10.6.09. Las Lomas, Peru
Makes Of Motorcycle That Are Available In Peru But Are Unlikely Ever To Be Sold In The UK:
1. RTM; just because the logo is a direct steal of the KTM one and they'd all have to go to prison.
2. Wanxin. Just can't see 'em catching on. "Try Wanxin - for Cheap Thrills." Oh dear me no. "The new single seat Wanxin - a great solo ride." No, I think not.
I don't think they get a lot of gringos in Las Lomas. It's 30 miles from the Ecuador border (one of the less popular crossings which I've chosen because the guidebook calls the main one "the worst border crossing in South America") and I'm sitting in a dusty, hot, very amenable roadside restaurant with motorbikes and moto-taxis passing within 6 feet of my table at the rate of 1 every 10 seconds. Everyone that passes makes eye contact, and I smile at them, and they smile, or hoot, or wave, or shout something that doesn't taste of "crap off out of it, you fat gringo twat". It's really quite special. It's 4.45pm, and at 6 this place starts serving Parrillada Mixta - mixed grilled meat with a strong possibilty of organ action. I'm extremely excited. A great way to say "Ta-ra!" to Peru.
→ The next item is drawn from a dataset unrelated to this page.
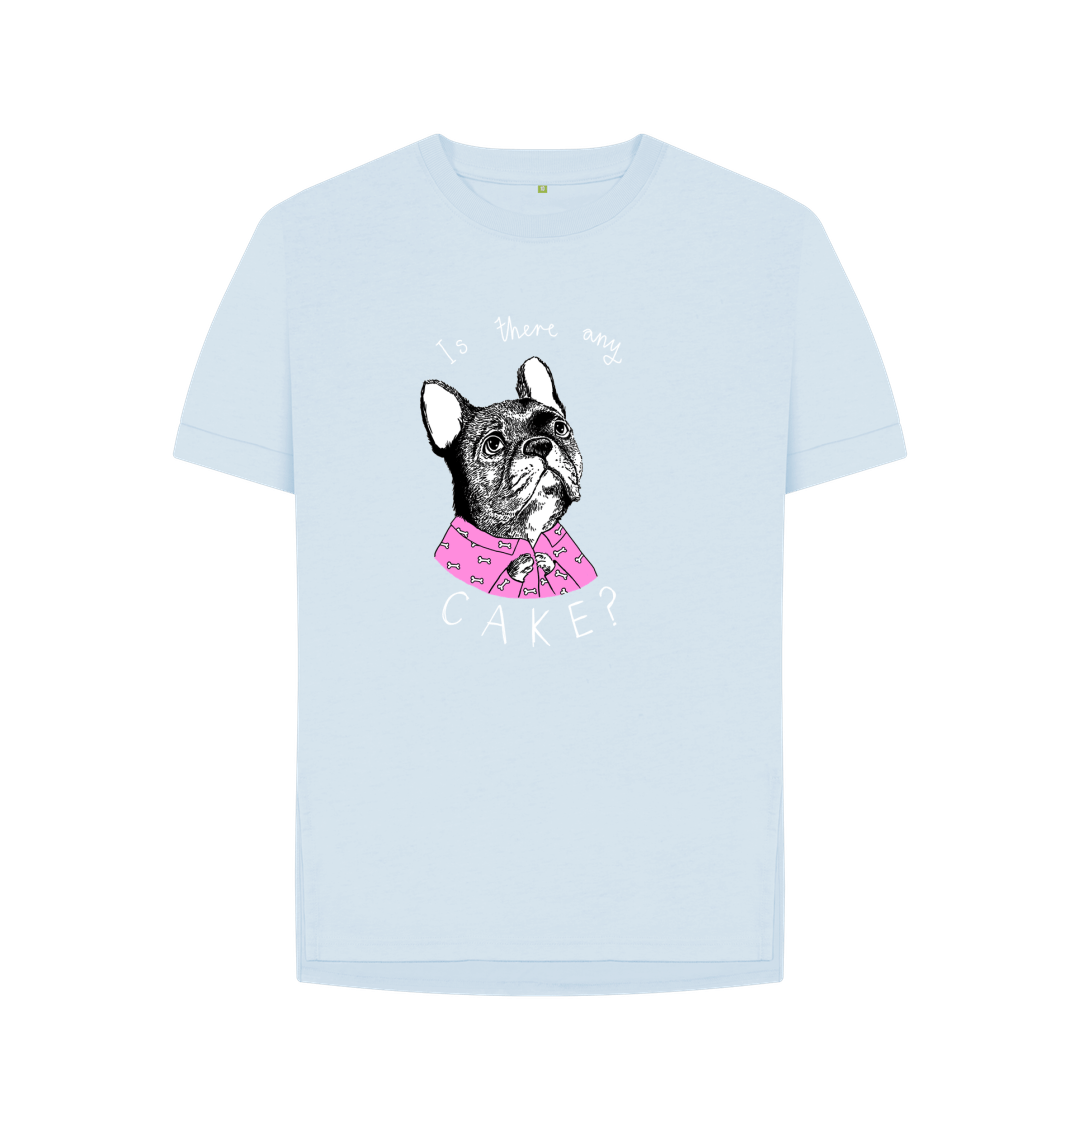 Sky Blue 'Is There Any Cake?' Women's T-shirt

Hmmm... Sweated of Trout, or Male Thing?
Number of extremely attractive Peruvian gals I've seen wearing desperately tight official Honda t-shirts: 2.
Number of times this has coincided with me being on, or within visual range of, my bike: 0.
Maximum number of helmetless people it seems you can get on a Peruvian-registered motorcycle without going to prison for ever: five. Husband, wife, three small children. Good work! Up to a point.